HOW TO COMPLETE THIS TASK: Leaving out the images, repeat all the lines below exactly.

MATERIAL PROVIDED:
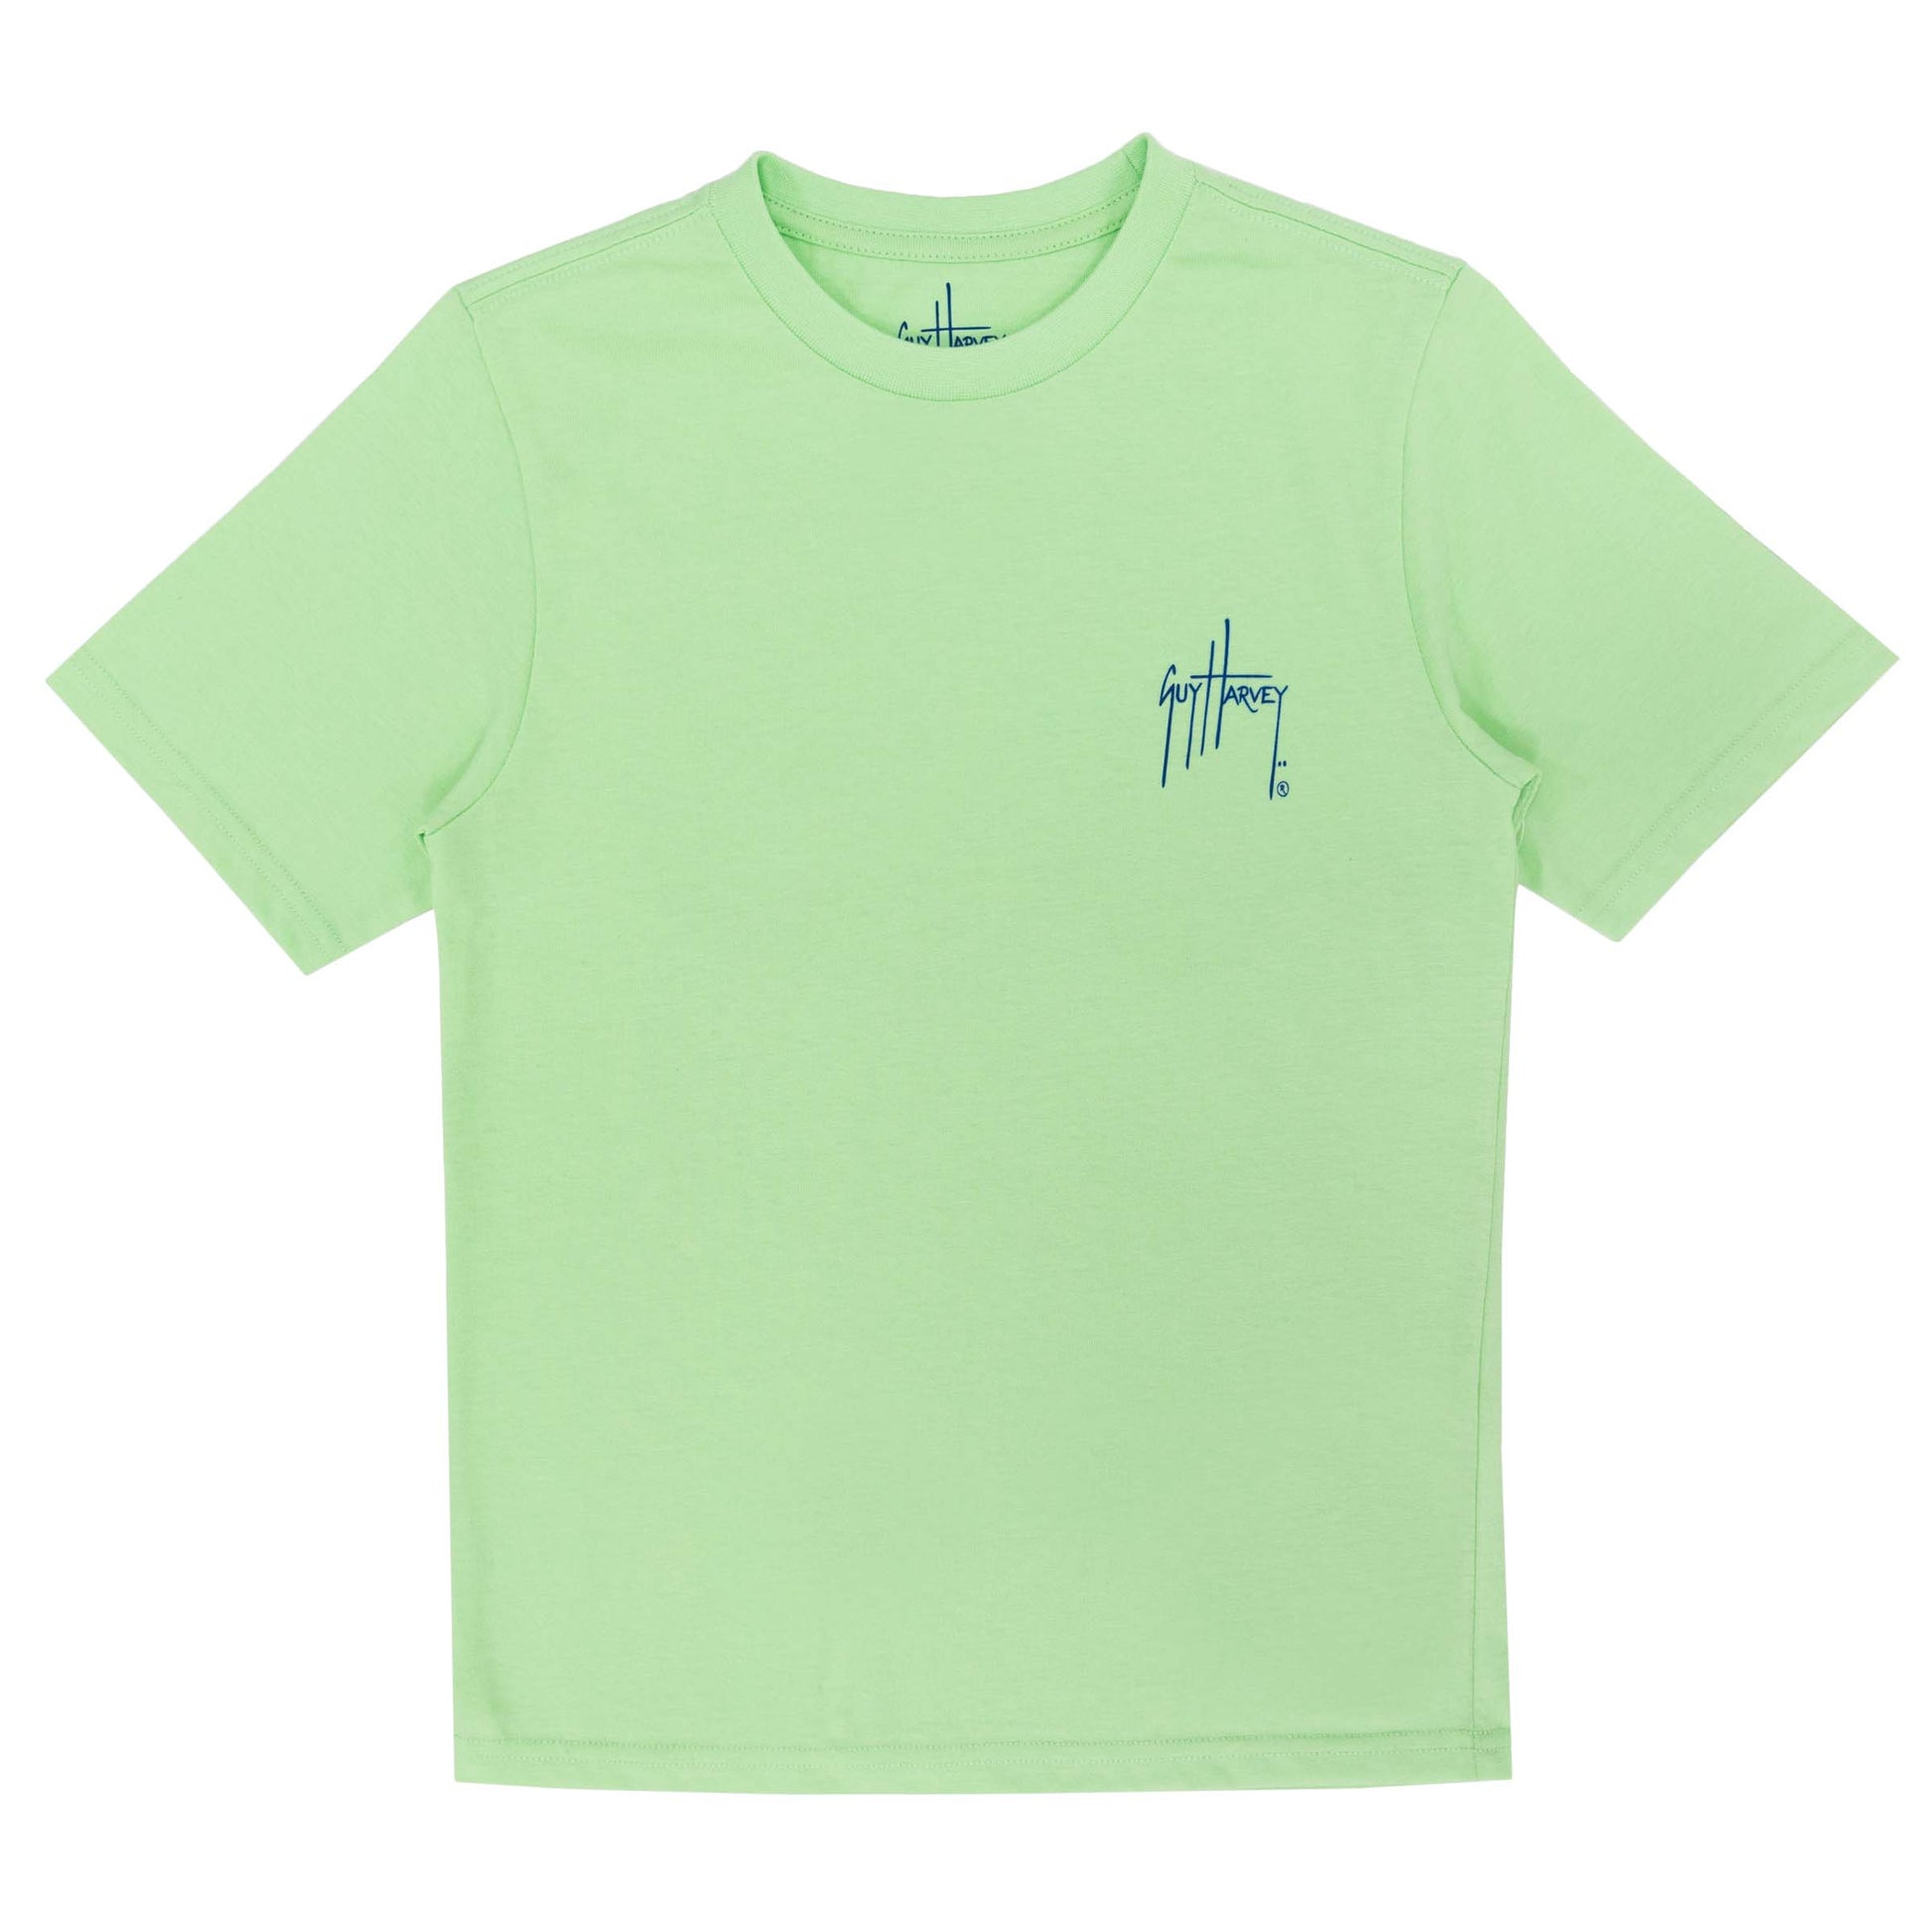 Kids Blue Pointer Short Sleeve Green T-Shirt View 3
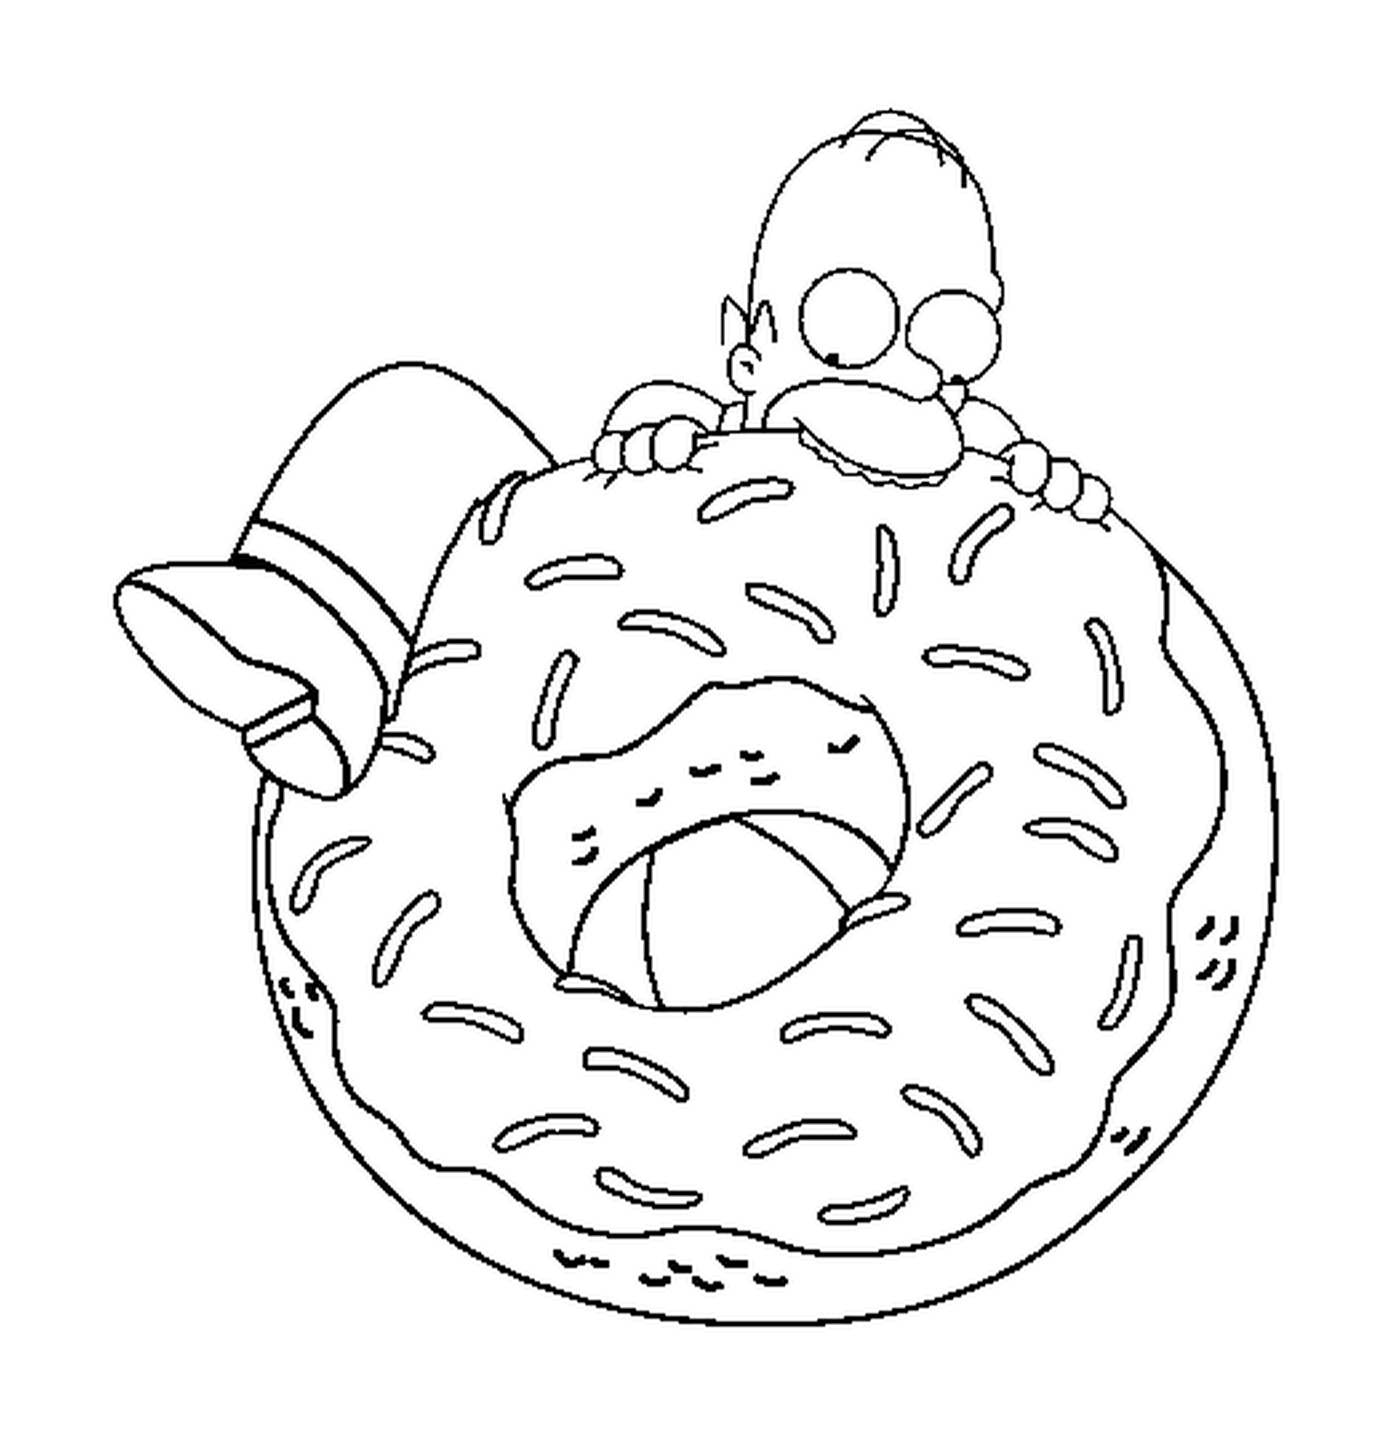  Homero trata de comer una rosquilla enorme 
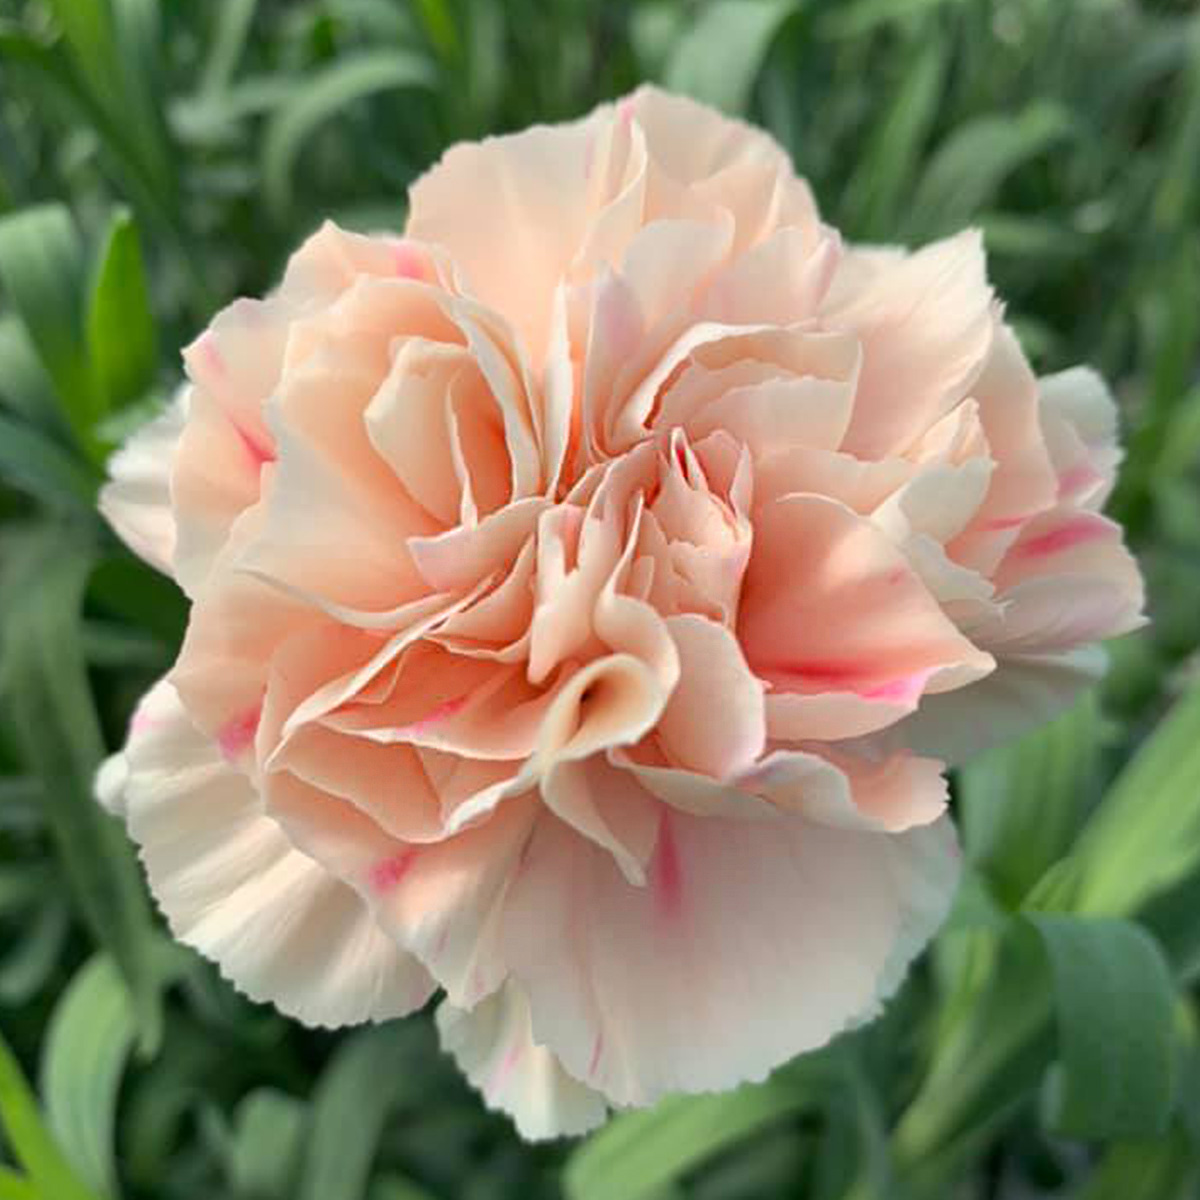 Divine Flowers Carnation - on Thursd

ANSWER SPACE:
 Kids Blue Pointer Short Sleeve Green T-Shirt View 3
  Homero trata de comer una rosquilla enorme 
 Divine Flowers Carnation - on Thursd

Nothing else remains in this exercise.